The room was brilliantly lighted. The floor was of black marble, into which a great number of white lines had been let. The lines crossed and recrossed each other at irregular intervals like a tangle of twine. In the centre of the room sat a grave, dark-eyed girl, dressed in white, stitching on a little embroidery frame.
"Charming," said the fat man. The girl did not look up. The tip of her t
ongue stood out as she concentrated on her design. The pattern of her embroidery was poorly executed, chaotic.
"She is docile," said Ahlid.
The fat man rubbed his eyes. With an effort he sat upright in his chair. He was in Ahlid's salon again, seated on brocade cushions. Ahlid was writing in an account book. In front of the fat man there was a half-eaten cup of sherbet.
The fat man said, "Please excuse my lapses. I have not been well. Perhaps it would be best if we discussed business."
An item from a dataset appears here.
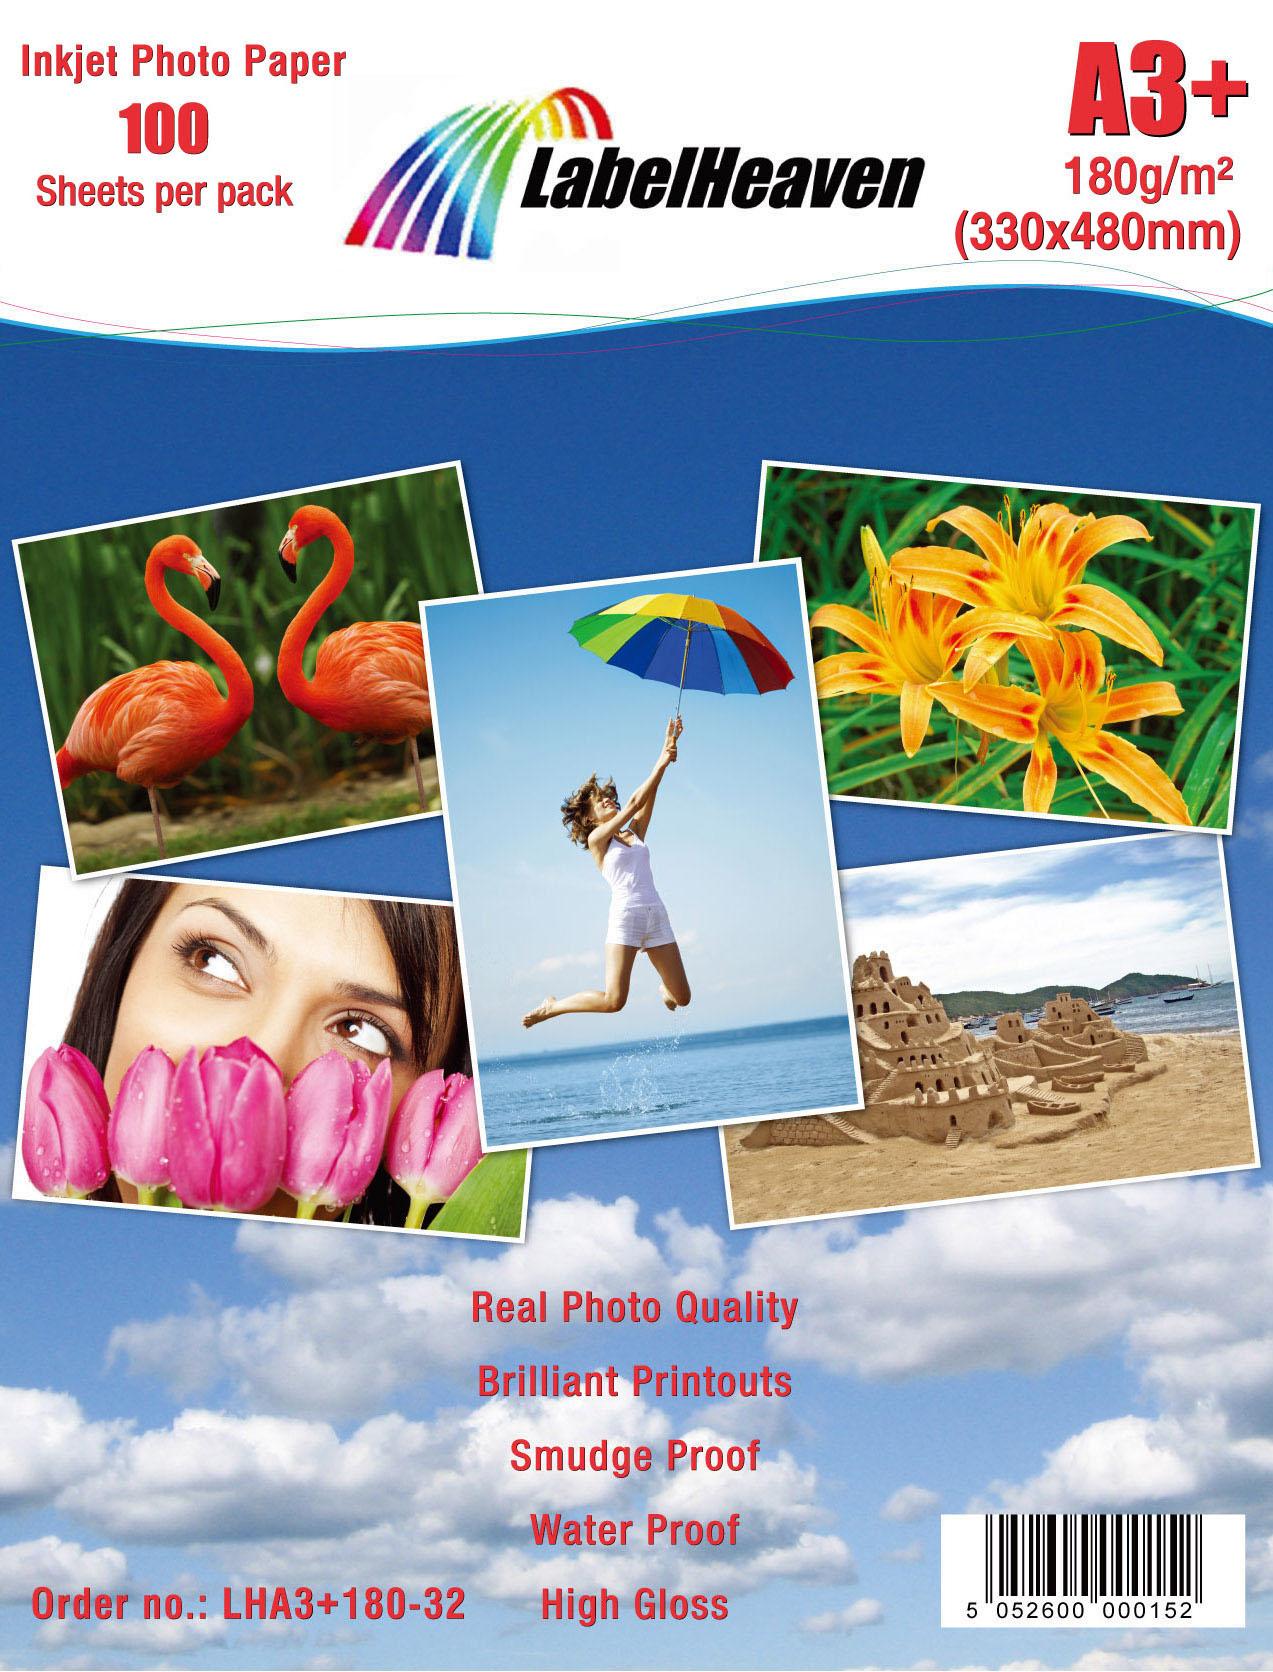 100 Blatt DIN A3+ 180g/m² Fotopapier HGlossy+wasserfest von LabelHeaven
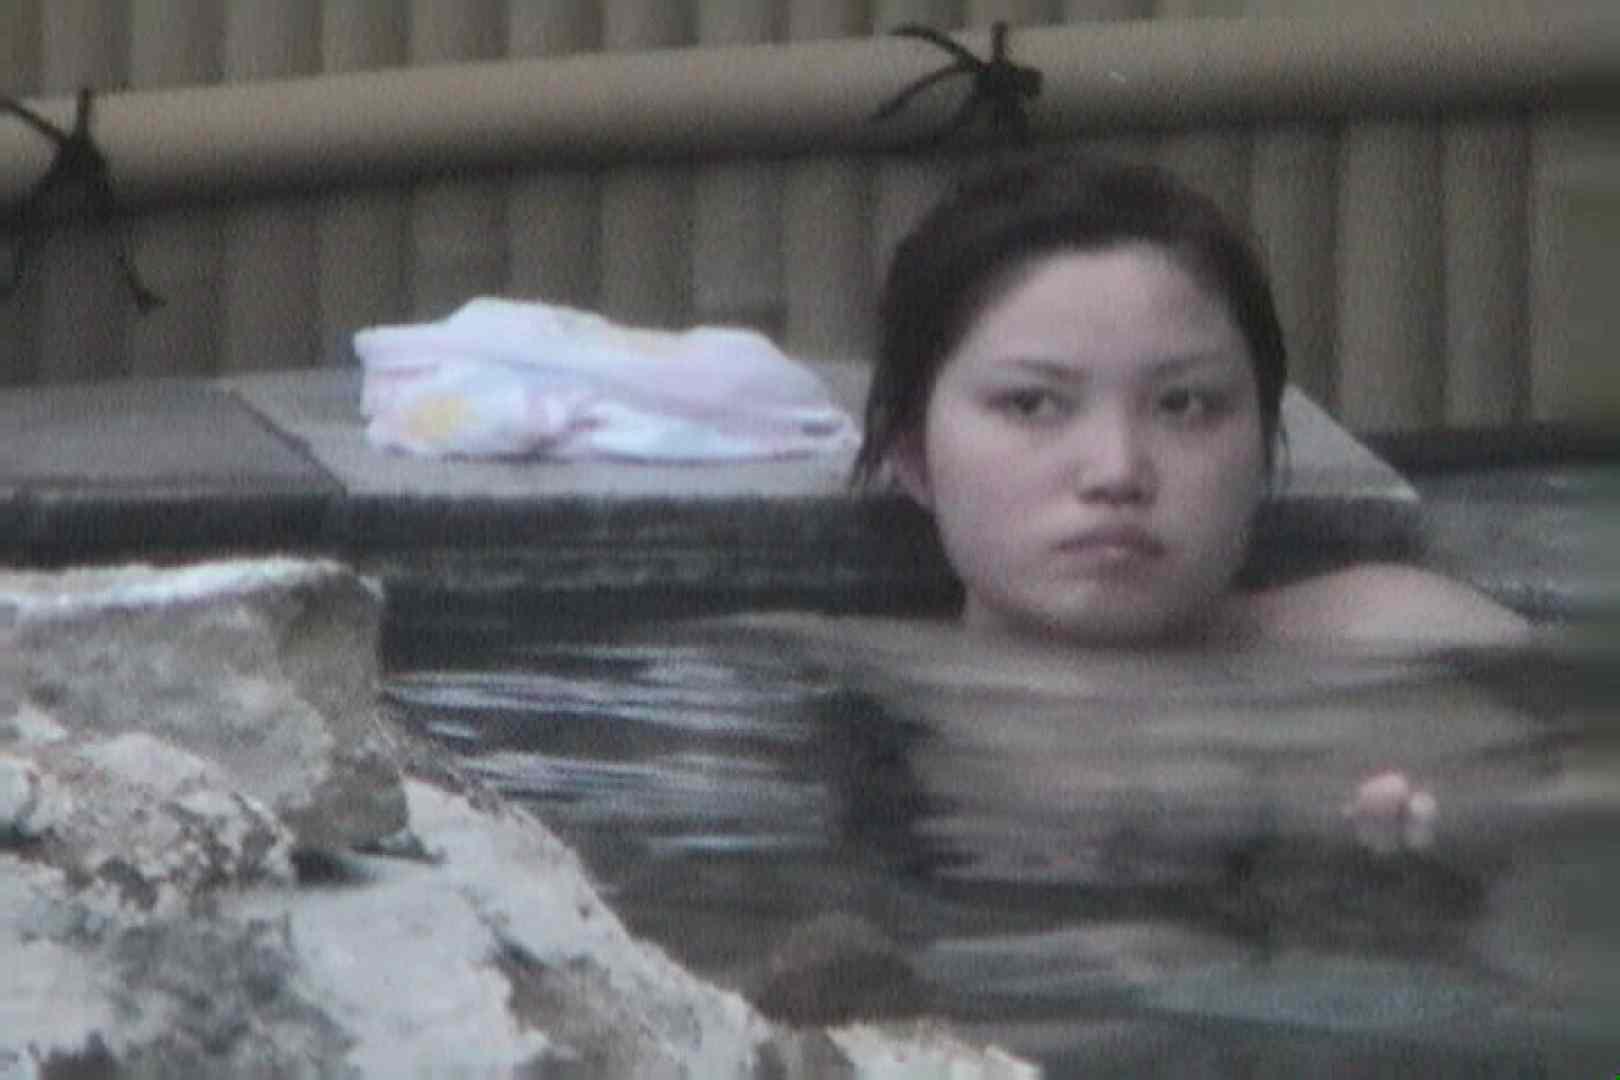 Aquaな露天風呂Vol.602 盗撮師作品 | 美しいOLの裸体  98pic 91

"Just as you please," Ahlid said.
"I have come here," the fat man said, "to arrange, with your help, and at a mutually agreeable price, to… I have a certain object in my possession, of no intrinsic importance except to the man who… I wish to transport a certain engine part to a certain place, and I am confident that I, or rather, you, can accomplish… I seem to be having difficulty in expressing myself. This thing that I wish to accomplish…"
"My friend," said Ahlid, "isn't it time that we talked seriously?"
"Yes? I can assure you…"
"Isn't it time that we talked about what you would like to do with the little time remaining to you?" Ahlid asked.
The fat man managed to smile. "I will admit that I am indisposed. But no one can know…"
"Please," said Ahlid. "My friend, my benefactor, I am very sorry to have to tell you that you have the plague."
"Plague? Don't be ridiculous. I grant that I am not well. I will consult a doctor."
"I have already summoned my own doctor," Ahlid said. "But I know the signs of the plague well. All of us in Arachnis know it, for plague is entwined throughout our lives."